Forget my last paragraph. Anyways, richhickey answered. :)

anamax · on March 6, 2012

> However, since [the transactor's] only job is doing the transactions

Huh? How is that consistent with:

> access the data storage through a new distributed component called a transactor.

If "doing the transactions" consists of more than passing out incrementing transaction tokens, won't the transactor be a bottleneck?

rjn945 · on March 6, 2012

Yeah, it looks like I got that part wrong. (I intentionally skimmed over the transactor, because I was avoiding "how" issues and because my understanding of it wasn't that clear.)

The transactor is involved in just writes, not reads. (So that helps.) It's not distributed and cannot be distributed, in this system, because it ensures consistency, so yes, it is potentially a bottleneck. In blog comments by Rich Hickey[1], he states:

"Writes can’t be distributed, and that is one of the many tradeoffs that preclude the possibility of any universal data solution. The idea is that, by stripping out all the other work normally done by the server (queries, reads, locking, disk sync), many workloads will be supported by this configuration. We don’t target the highest write volumes, as those workloads require different tradeoffs."

Presumably, 1) the creators of Datomic think that performance can be good enough to be useful, 2) this is a new model that probably requires testing to prove is practical.

[1] Multiple people have linked to it, but for convenience: http://blog.fogus.me/2012/03/05/datomic/comment-page-1/#comm...

sausagefeet · on March 6, 2012

Isn't this the same compromise we would already have had to make if we just used postgres?

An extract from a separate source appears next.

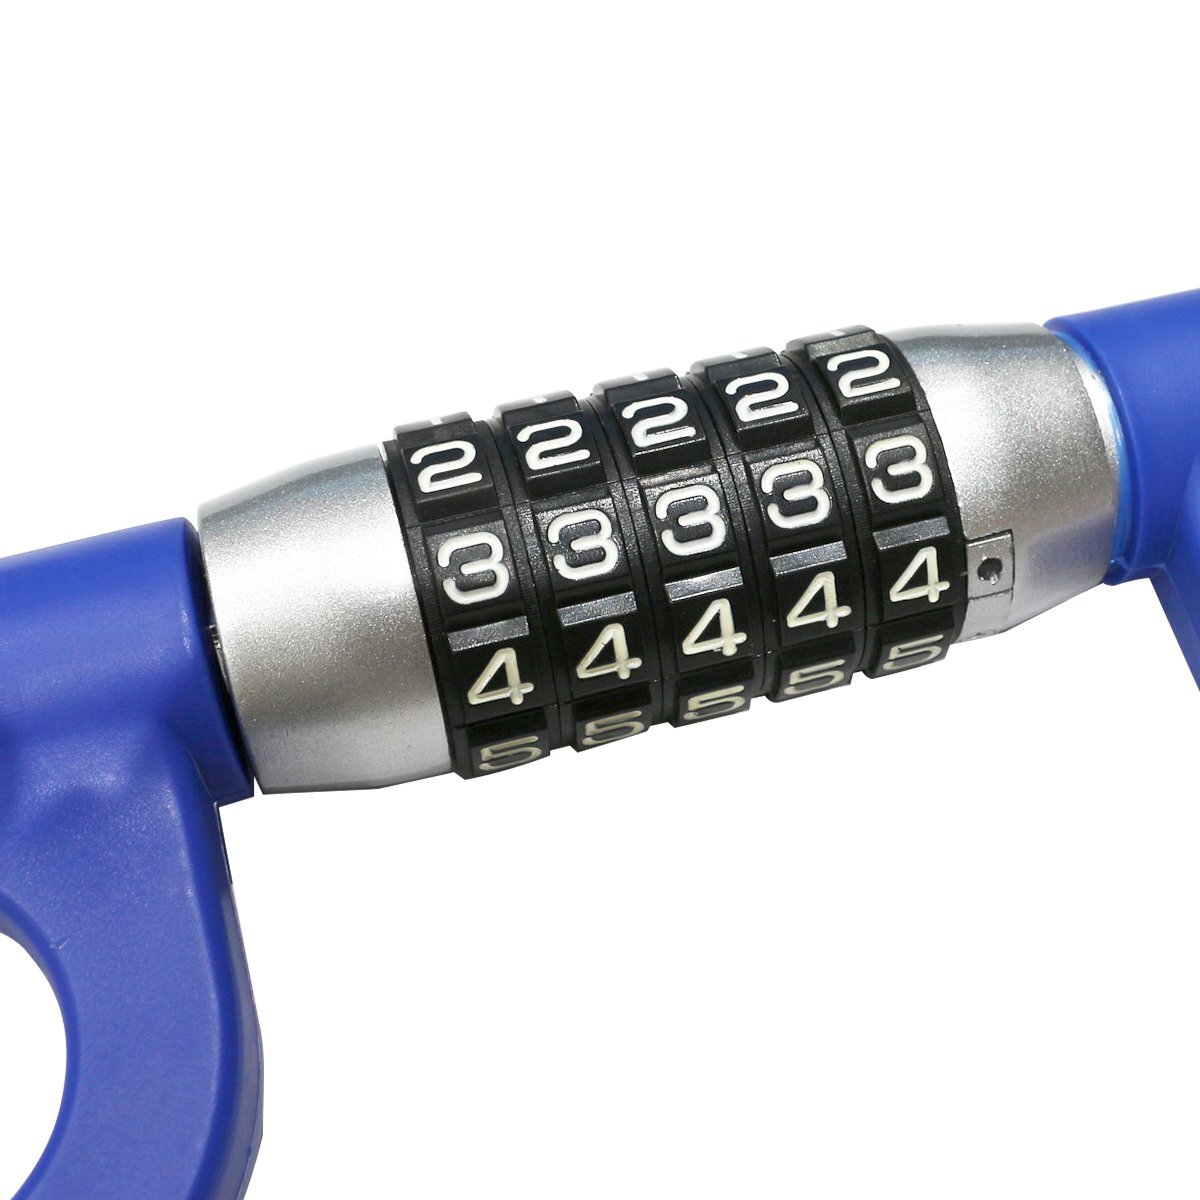 【 доставка бесплатно 】 циферблат  ...  руль   руль    рок   автомобиль    воровство  предотвращение   ключ  ненужный   PIN-код (пароль)   реле ...  контрмера   безопасность  ...  синий   синий

weavejester · on March 6, 2012

It's actually slightly better than a SQL database. If your master SQL database gets fried, there's a chance you could lose some data. Datomic's transactor only handles atomicity, not writes, so if the transactor dies, nothing written to the database will be lost.

fogus · on March 5, 2012

Datomic is a UFO filled with advanced alien technology that has landed right on the National Mall.

nickik · on March 5, 2012

Probebly an UFO from the Land of Lisp.

alkby · on March 5, 2012

Any access to source? Looks nice but I have a bunch of questions about transactor.

vdm · on March 5, 2012

This 'Architecture' page summarises it best.

http://datomic.com/company/resources/architecture

Zak · on March 5, 2012

The use of the term "whitepaper". It's very "enterprisey"

As a tangent, I'm really curious as to why this document is in a PDF file instead of simply being a web page. I can't see that doing much other than making it less convenient to read.

spullara · on March 5, 2012

If I got one thing out of this article, it is your comment and link to Parse. That looks pretty nice! The landing page for datomic is horrible and I didn't make it past the small, dense text.